Лаки задержалась у его фотографии. Он выглядел великолепно. Как обычно. Она безумно по нему скучала.

Гарри Браунинг вышел из будки, чтобы лично приветствовать Германа Стоуна. Не обращая внимания на Лаки, он пожал Герману руку.

– Очень приятно видеть вас, мистер Стоун. Так давно не встречались.

– Что у вас есть, чтобы нам пока показать? – спросил сурово Герман, придерживаясь роли, навязанной ему Лаки.

– У меня есть последний съемочный материал по «Настоящему мужчине». И первоначальный вариант «Раздолбая», – предложил Гарри.

– Годится, – согласился Герман, направляясь в центр последнего ряда, где находился телефон, связанный с кинобудкой, и небольшой холодильник с прохладительными напитками.

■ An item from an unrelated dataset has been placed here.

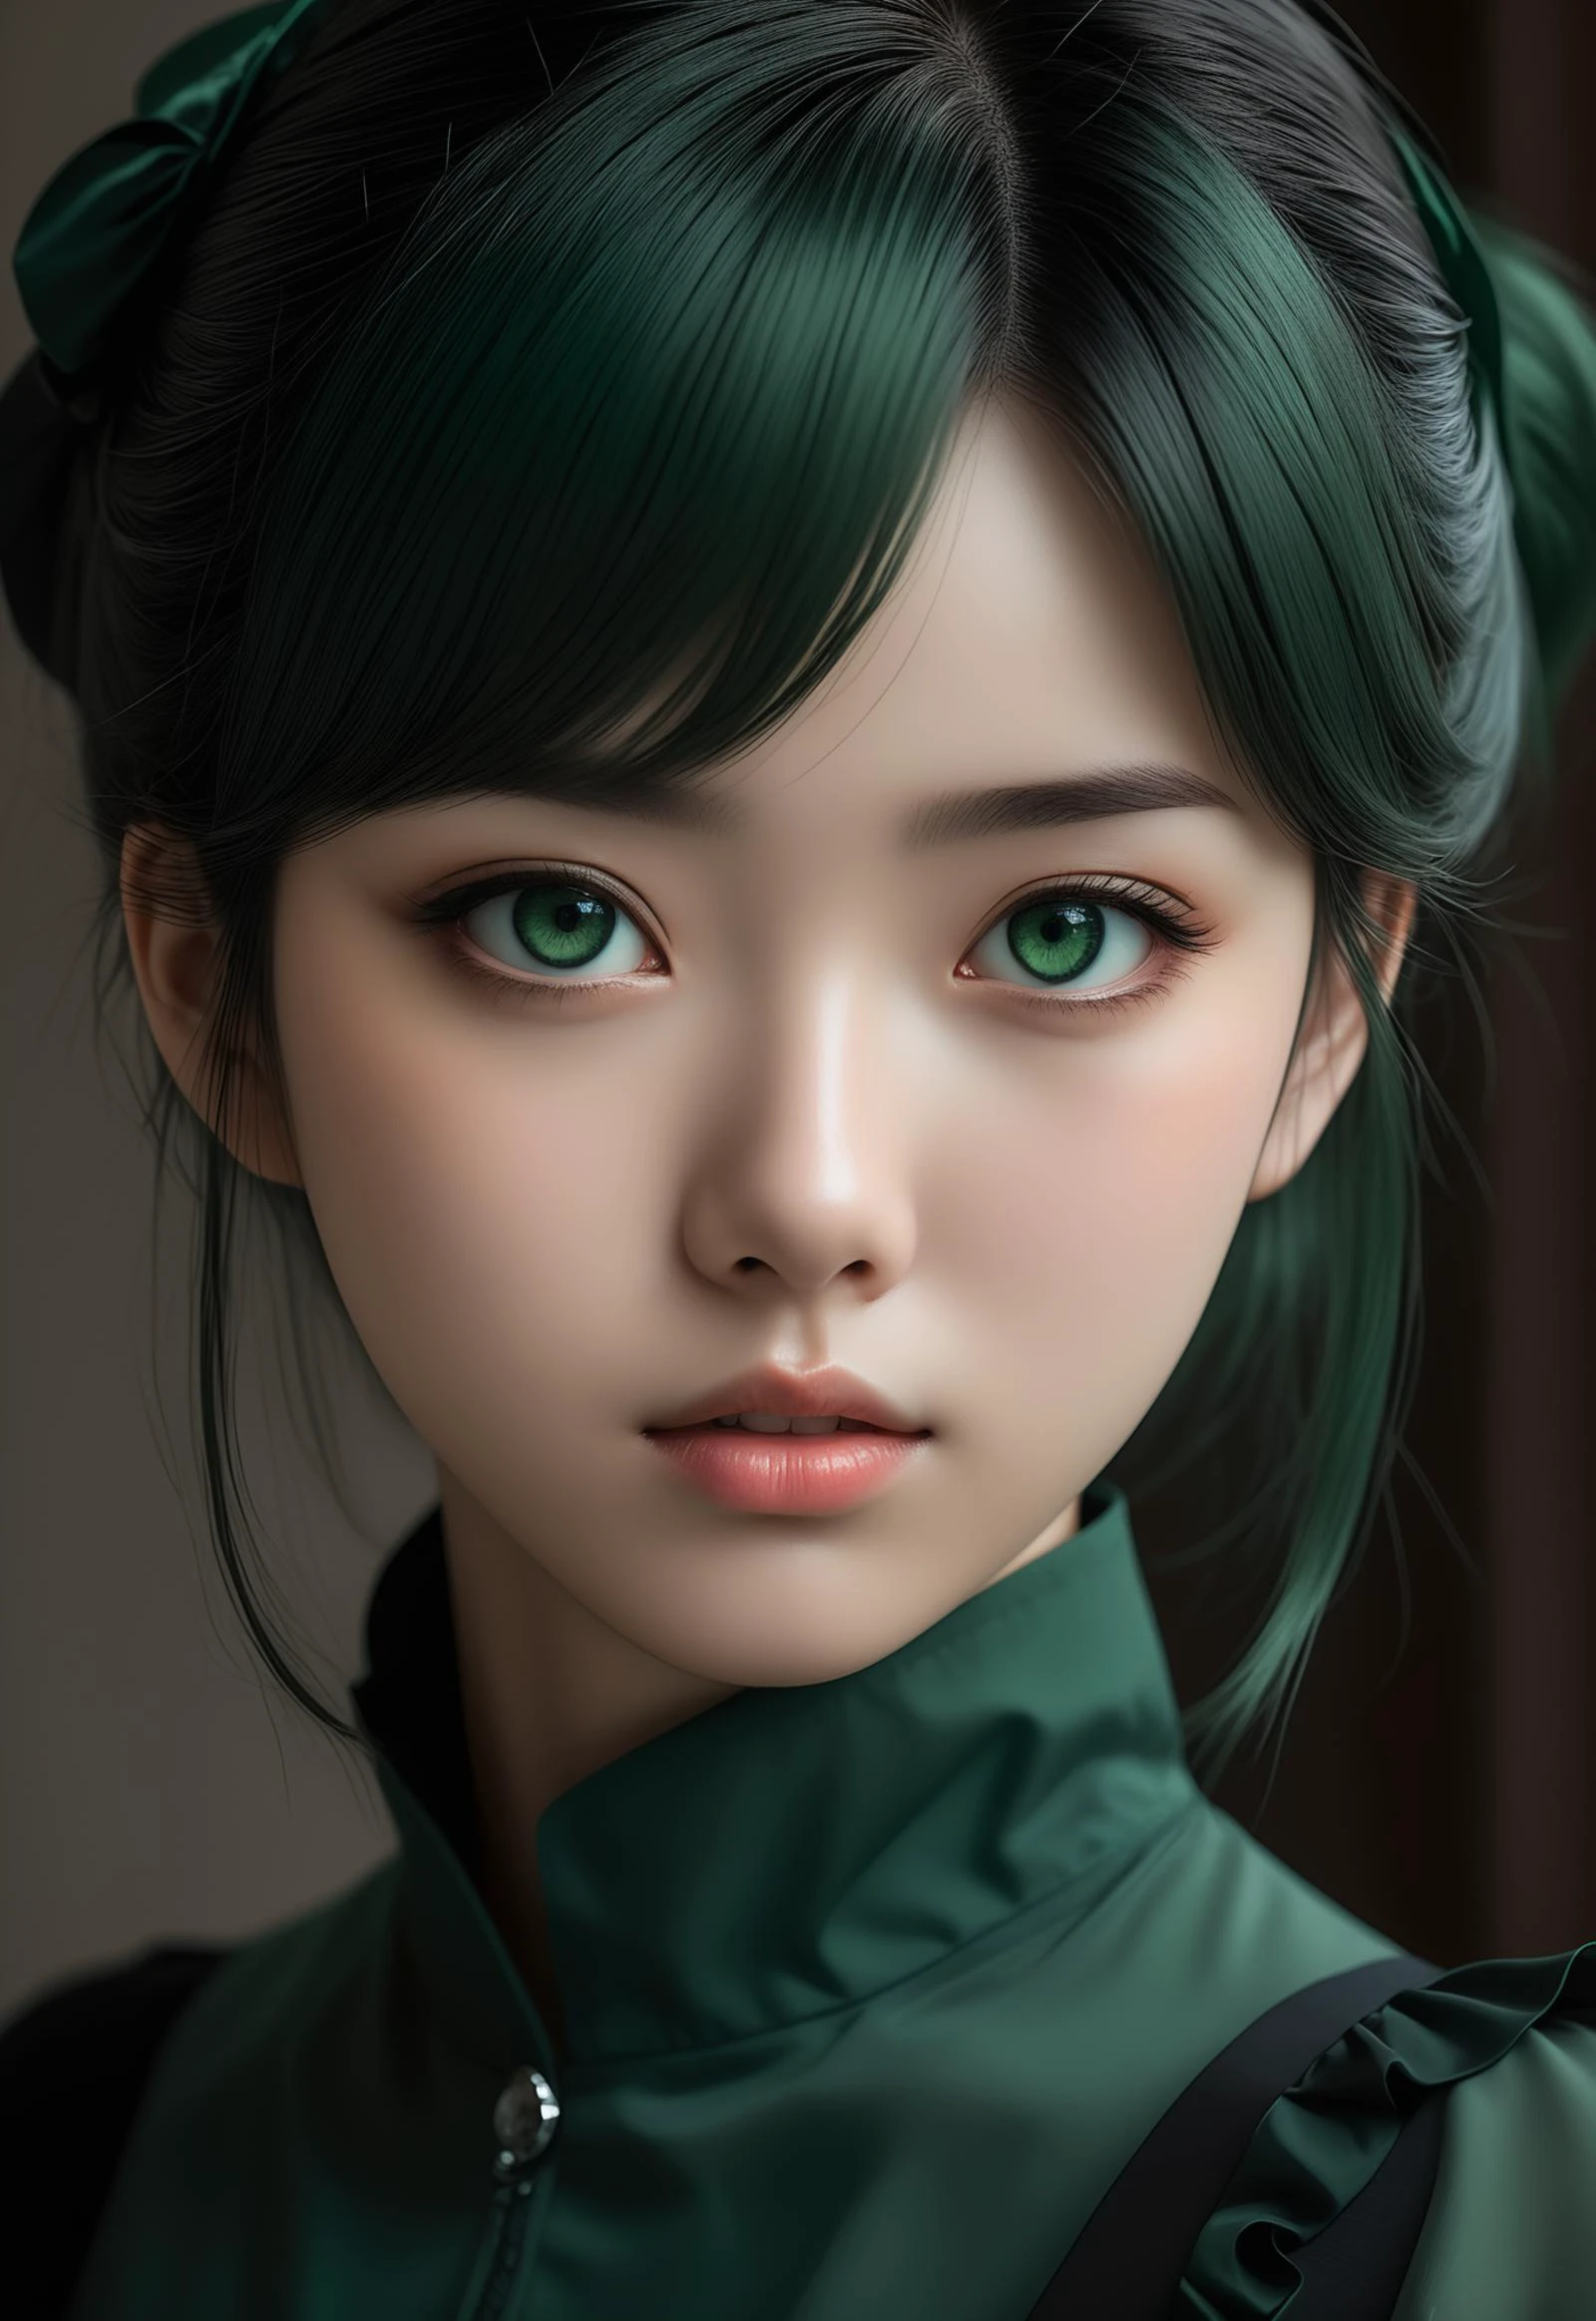 Female anime manga characters, in the style of haunting portraiture, dark green and light black, uncanny valley realism, gongbi, barbizon school, shiny eyes, multilayered realism

– Что будете смотреть сначала? – поинтересовался Гарри.

– Материал по «Настоящему мужчине», – ответила Лаки и быстро поправилась: – Мистер Стоун хотел бы сначала посмотреть материал по «Настоящему мужчине».

– Да, правильно, – подтвердил Герман, продолжая играть свою роль.

– Как скажете, – сухо ответил Гарри, стараясь не встречаться взглядом с Лаки.

Когда на экране появлялся Ленни, Лаки испытывала чувство гордости. Он не просто умен и забавен, он чертовски привлекателен. Ленни Голден, ее муж.

В первой сцене участвовали Ленни и Джой Фирелло. Они составляли отличную пару. Оба умело владели искусством диалога. Лаки узнала текст, принадлежавший Ленни. Почему он жаловался? Очень даже неплохо.

Но тут экран полностью заполнила Мариса Берч, и Лаки сразу стало ясно, отчего негодовал Ленни. Мариса подавляла всех своим чисто физическим присутствием, за которым не было ни унции таланта. Игра ее, если это вообще можно назвать игрой, казалась насквозь фальшивой.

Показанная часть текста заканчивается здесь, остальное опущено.